The transdermal patch (containing the metoclopramide HCl, adhesive, and HNTs) was subjected to stability studies as per ICH stability evaluating conditions52. In the stability testing, the patches from the optimized formulation were placed in the refrigerator (5 ± 3 °C), at room temperature (25 ± 2 °C, 60 ± 5%RH), and accelerated temperature (40 ± 2 °C, 75 ± 5%RH) in a stability chamber (NUAIRE, Plymouth, MN, USA). These samples were evaluated for any change in morphology and metoclopramide content uniformity at different times during six months of storage. The shelf life was also calculated using MINITAB Statistical Software version 20.2, 2021.

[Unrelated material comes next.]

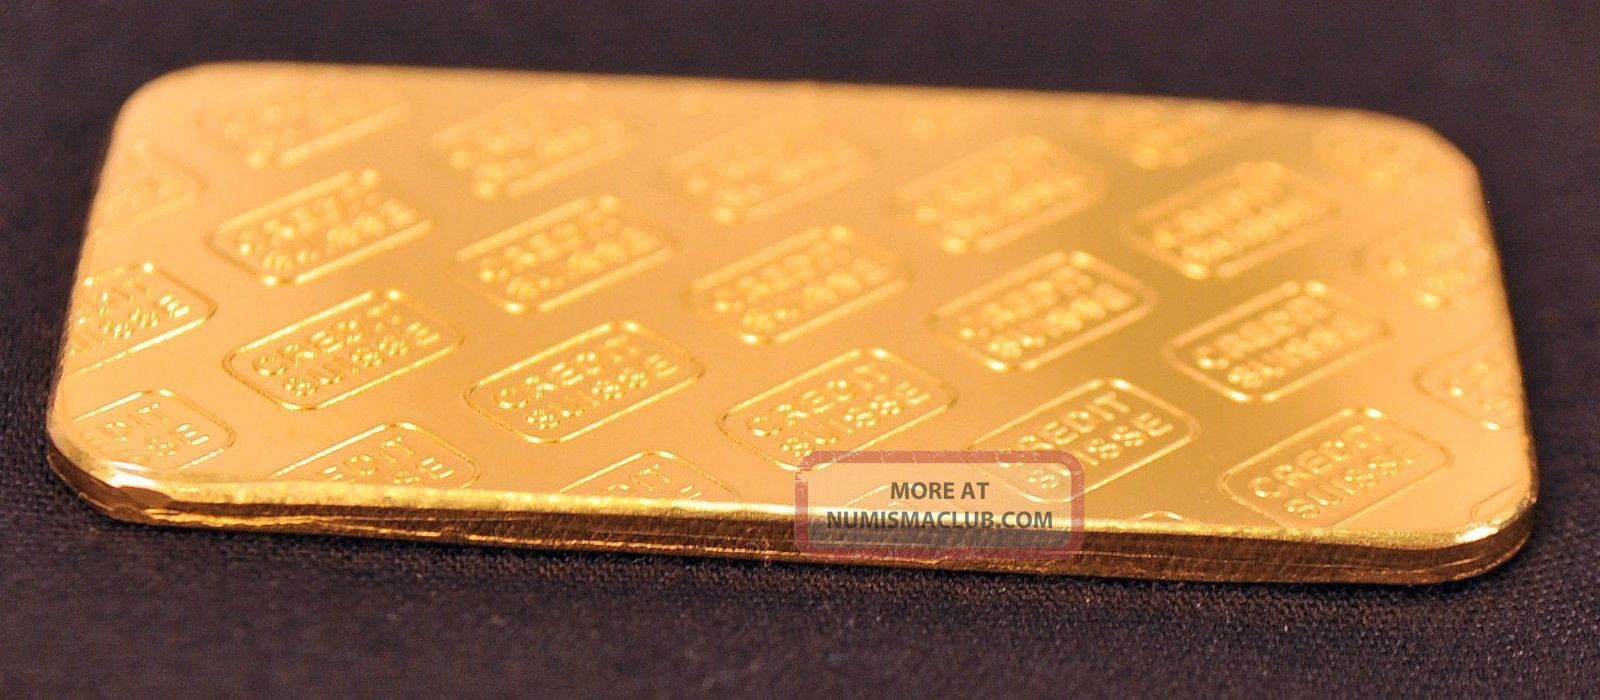 1 oz credit suisse gold bar .9999 fine in assay

The results of the different evaluation tests, including weight, thickness, folding endurance, moisture content, moisture uptake, drug content, the yield of the drug-loaded halloysite nanotubes, and drug loading efficiency, are presented in Table 2. The weight and thickness of the transdermal patches ranged between 0.065 ± 0.011 to 0.081 ± 0.014 g and 0.167 ± 43 to 0.25 ± 0.0245 mm, the value of folding endurance was > 300 folds, the moisture content ranged from 0.2 ± 0.421 to 1.8 ± 0.567% while the uptake of moisture ranged from 9.1 ± 1.852 to 17.7 ± 1.494%, the average percent amount of metoclopramide in all formulations ranged 102.419 ± 4.401 to 106.914 ± 2.553%, and the average percentage yield and loading efficiency of halloysite nanotube obtained from three different loading experiments were ranging from 68.066 ± 4.812 to 71.555 ± 5.058 and 6.933 ± 0.642 to 11.333 ± 0.763% respectively.

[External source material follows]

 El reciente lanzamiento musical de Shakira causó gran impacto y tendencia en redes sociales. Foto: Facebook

The in-vitro drug release profiles of the patches are presented in Fig. 1. The dissolution rate of the drug in the formulation without HNTs (F4) was highest (> 80% in 4 h). The release was found to be controlled (≈ 60% in 4 h) in the patches with HNTs loaded with metoclopramide. The patches with HNT: drug ratio of 1:1 (F1) and 2:1 (F3) showed almost similar and more controlled release effects compared to 0.5:1 (F2). An initial burst effect was also observed in all the formulations within 15 min.

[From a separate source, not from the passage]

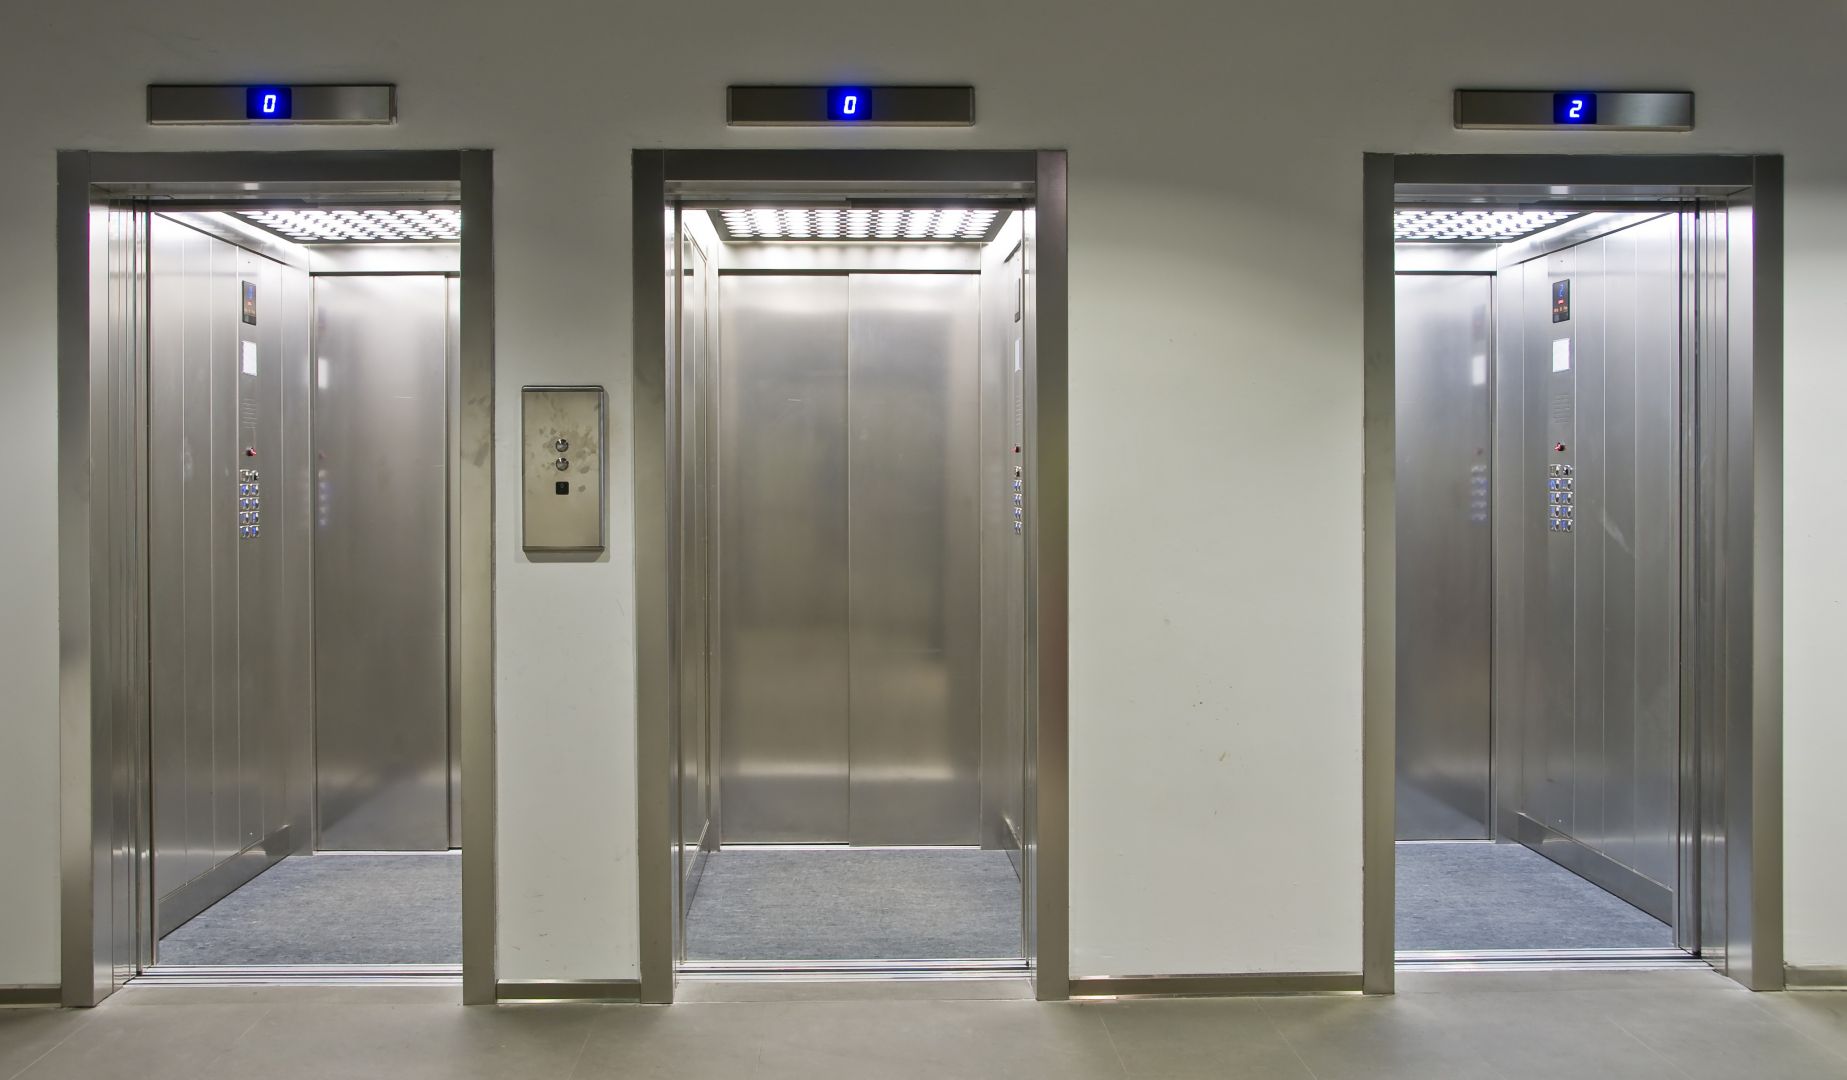 Poptávka na návrh výtahu pro přepravu osob (Výtahy a servis) - Klatovy

Percentage release of metoclopramide from the transdermal patches.
The release behavior of the formulations was subjected to different release kinetic models, including zero order, first order, Higuchi, and Korsmeyer-Peppas; the results are shown in Table 3. Korsmeyer-Peppas model was found to best fit on the release data with an r2 value of 0.995 to 0.999. The release of metoclopramide from patches presented concentration dependency and followed first-order release with an r2 value of > 0.8. Moreover, the Fickian and the non-Fickian behavior of patches were assessed using the Korsemeyer-Peppas model. The values of n were < 0.5, indicating Fickian law of diffusion was followed.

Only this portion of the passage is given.